Like in previous years OSCON was very buzzy. We met many existing Xen users as well as people who want to try Xen. We got two Xen related talks accepted into the OSCON program and we got great ratings by attendees. This is a big deal as getting talks at OSCON is difficult, because every project on the planet wants to have a talk at OSCON. You can check out Lars’ community talk here (slideshare) and Anil’s and Richard’s Mirage talk here. Another new thing, is that the Xen Project was approached by media outlets and publishers who specifically singled out the Xen Project to write about Xen. Community members who like writing, get in touch with me now!
OSCON is of course also about parties and networking, of which there was plenty. Of course this meant lots of beer, late nights and some difficult starts the next morning. As we are at beer: as part of the OSCON exhibition the Xen Project hosted a 10 year birthday party with Xen Project beer and cupcakes and a drawing for prizes. Russell did a great job (and as I may say had lots of fun doing so) as the Master of Ceremonies and managed to get people excited and talking about the Xen Project. But enough talking: pictures say more than words.
We’ve been working hard on Mirage OS as a Xen Incubator project for some time now, and so were really excited to give it a first public outing at OSCON. Mirage OS is all about synthesising extremely specialised guest kernels from high-level code, and so it was a natural step to self-host the slide deck completely in Mirage. Mort and Anil hacked on the slides until the last minute, and ended up compiling a self-contained microkernel an hour before the talk that worked flawlessly (of course).
You can check it the presentation at decks.openmirage.org, and the source code at github.com. We were probably the only talk at OSCON doing a “full stack” presentation: a custom version of Xen (with debugging support enabled), a custom microkernel running a fully type-safe OCaml TCP/IP stack, an OCaml HTTP framework, and a reveal.js-based slide deck and a turbo screencast of the slide deck being compiled (how very self-referential!).
The audience seemed to like the result, and there were good questions about how we planned to turn this prototype into a production-worthy developer framework. We’re currently working on stomping out the last few bugs in the tools to get a first developer preview out to start growing the external community more widely. The most exciting chat after the talk was with the authors of the Rust programming language at Mozilla, and we compared notes on combining the Mirage unikernel techniques with Rust’s runtime.

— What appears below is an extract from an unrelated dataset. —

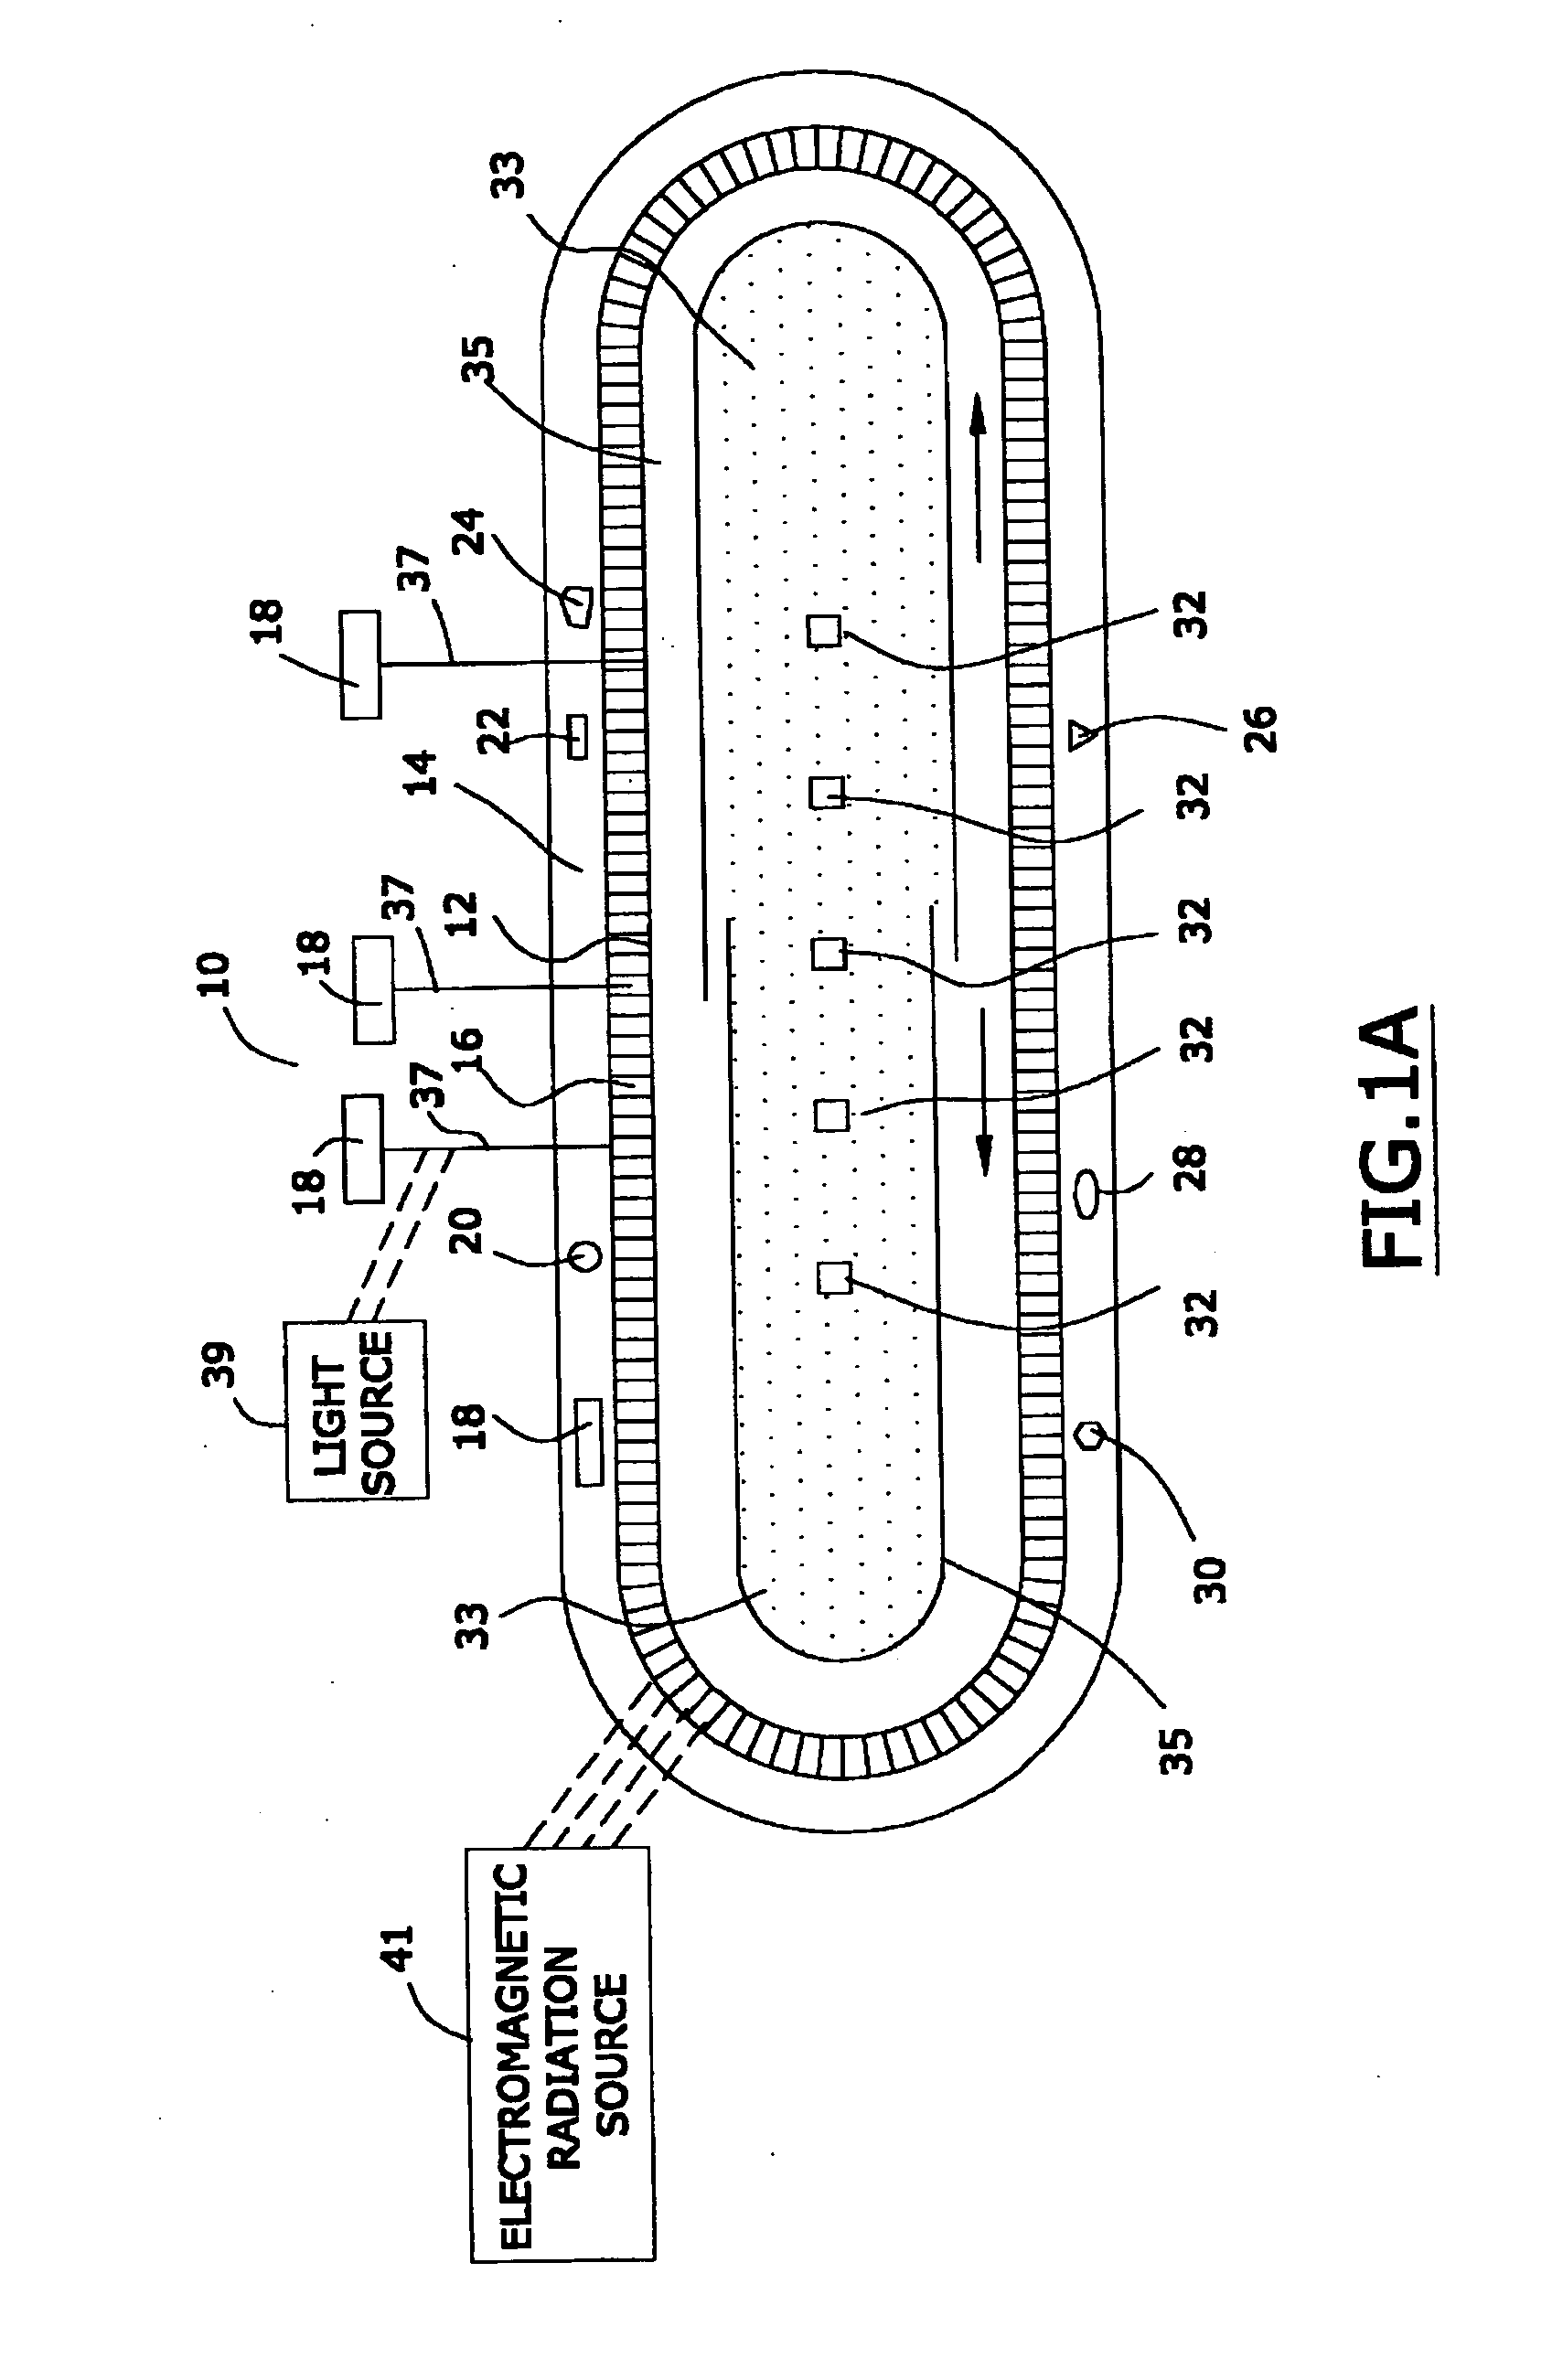 MRI imageable medical device

Mirage is also based on the OCaml programming language, and Anil attended a book signing at the O’Reilly booth that sold out in minutes. His new book, Real World OCaml is due to be published later this year, and there were quite a few people who wanted to learn more about practical functional programming. Xen uses OCaml in several places in its cloud toolstack, so it was great to be able to point people to the enormous Xen booth right next door when they wanted to find out more about who used the language in industry!
All-in-all, a thoroughly enjoyable and motivational visit to OSCON, and we’re looking forward to showing up with a more mature version of Mirage next year to continue to build the momentum that we’ve started this year.